**About this task:** Only the lines below starting at the one containing "Green Sea Turtle" and ending at the one containing "Batman: Arkham Unhinged" belong in the answer, each copied exactly.

**Information provided:**
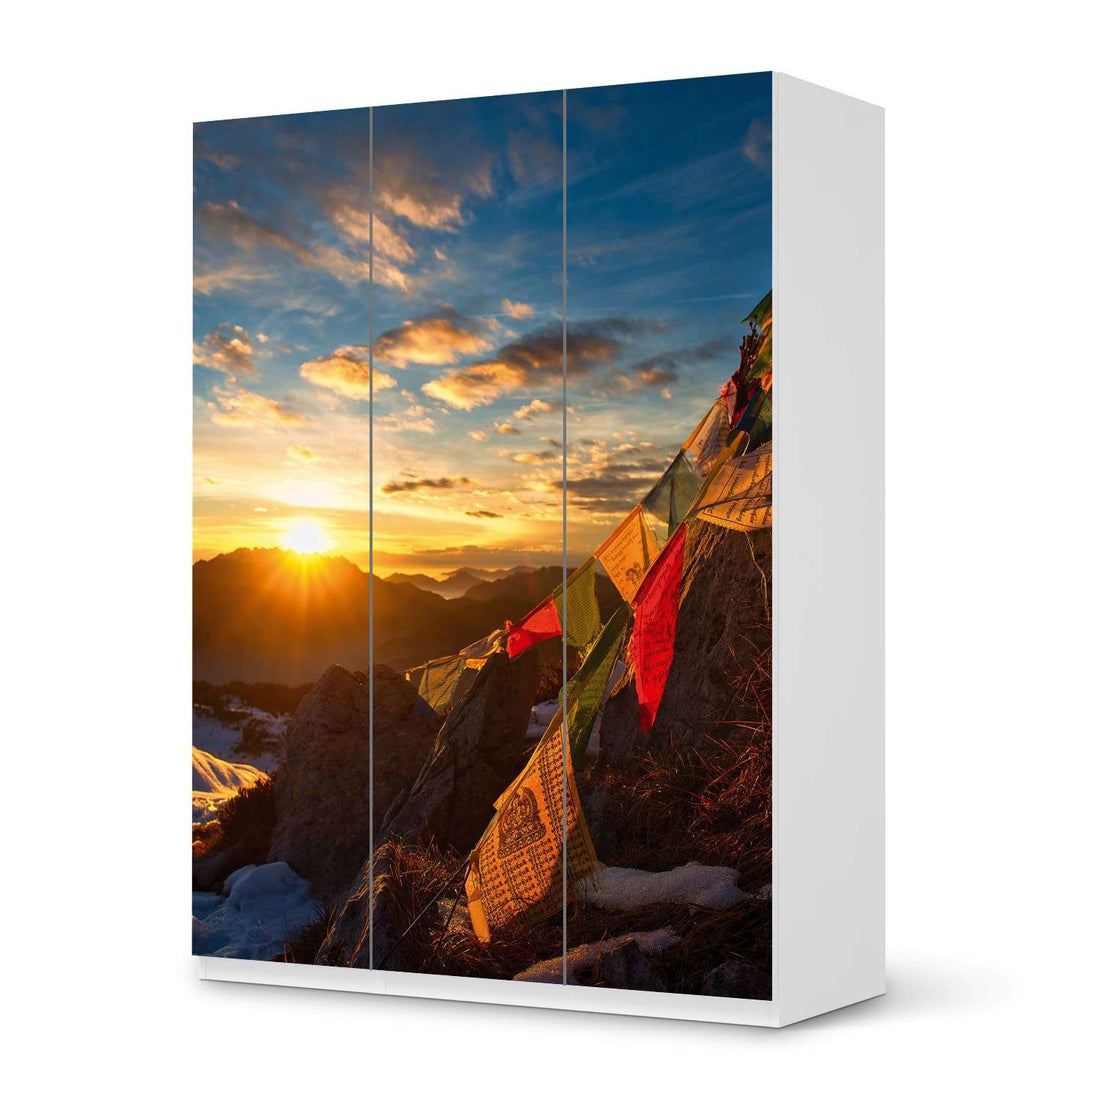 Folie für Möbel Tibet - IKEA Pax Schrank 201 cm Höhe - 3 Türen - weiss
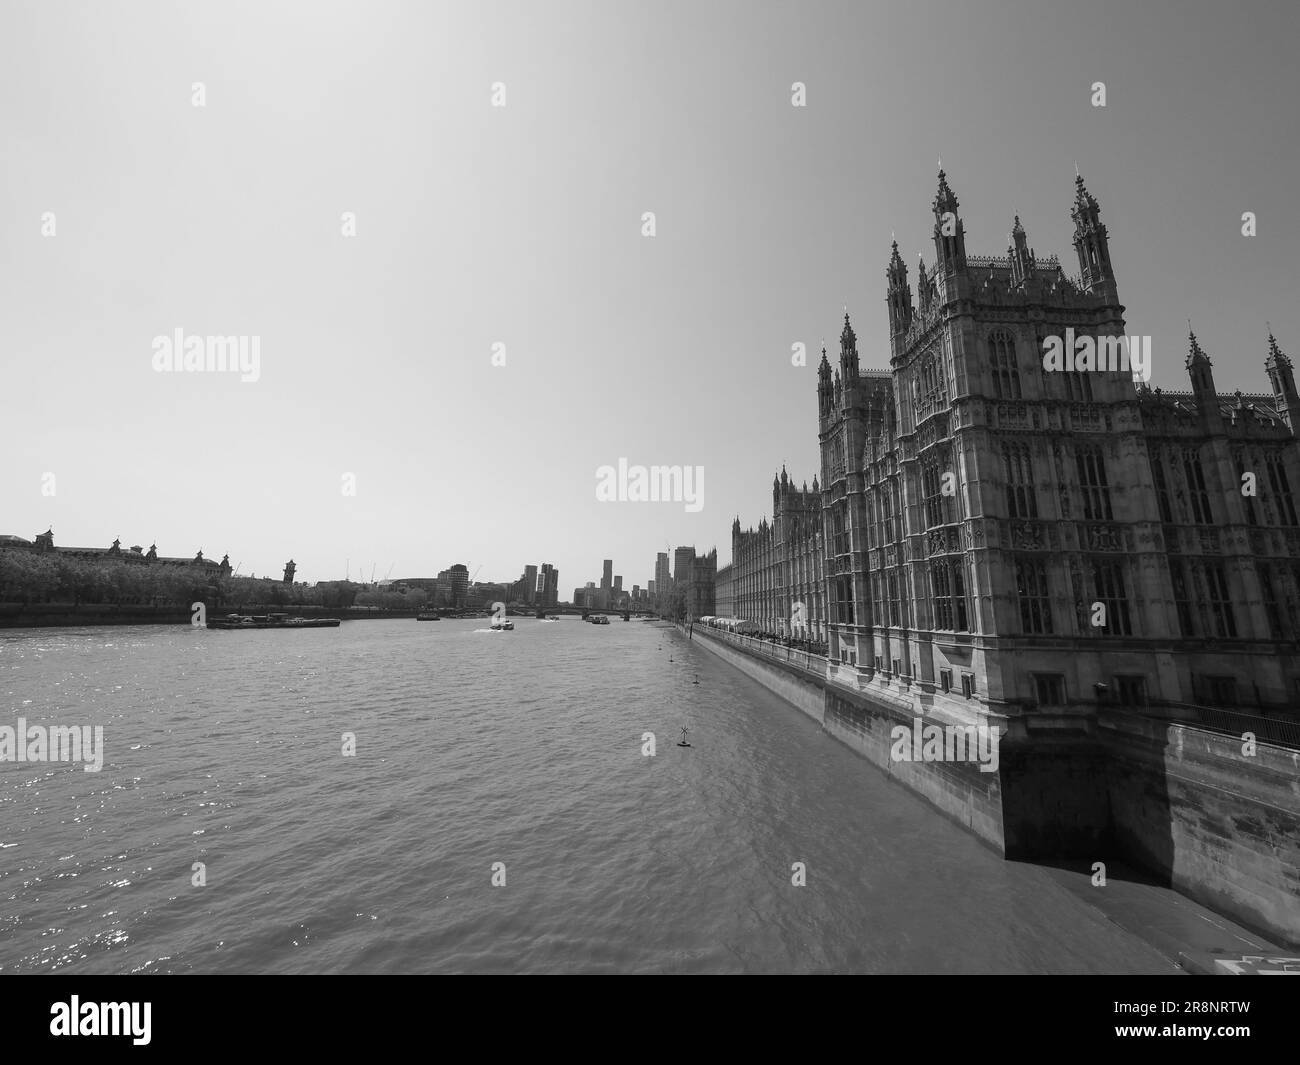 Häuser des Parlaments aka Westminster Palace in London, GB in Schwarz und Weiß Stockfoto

==

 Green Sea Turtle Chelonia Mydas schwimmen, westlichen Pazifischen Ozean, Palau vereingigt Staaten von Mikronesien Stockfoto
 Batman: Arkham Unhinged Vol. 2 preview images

**Exercise response:**
 Green Sea Turtle Chelonia Mydas schwimmen, westlichen Pazifischen Ozean, Palau vereingigt Staaten von Mikronesien Stockfoto
 Batman: Arkham Unhinged Vol. 2 preview images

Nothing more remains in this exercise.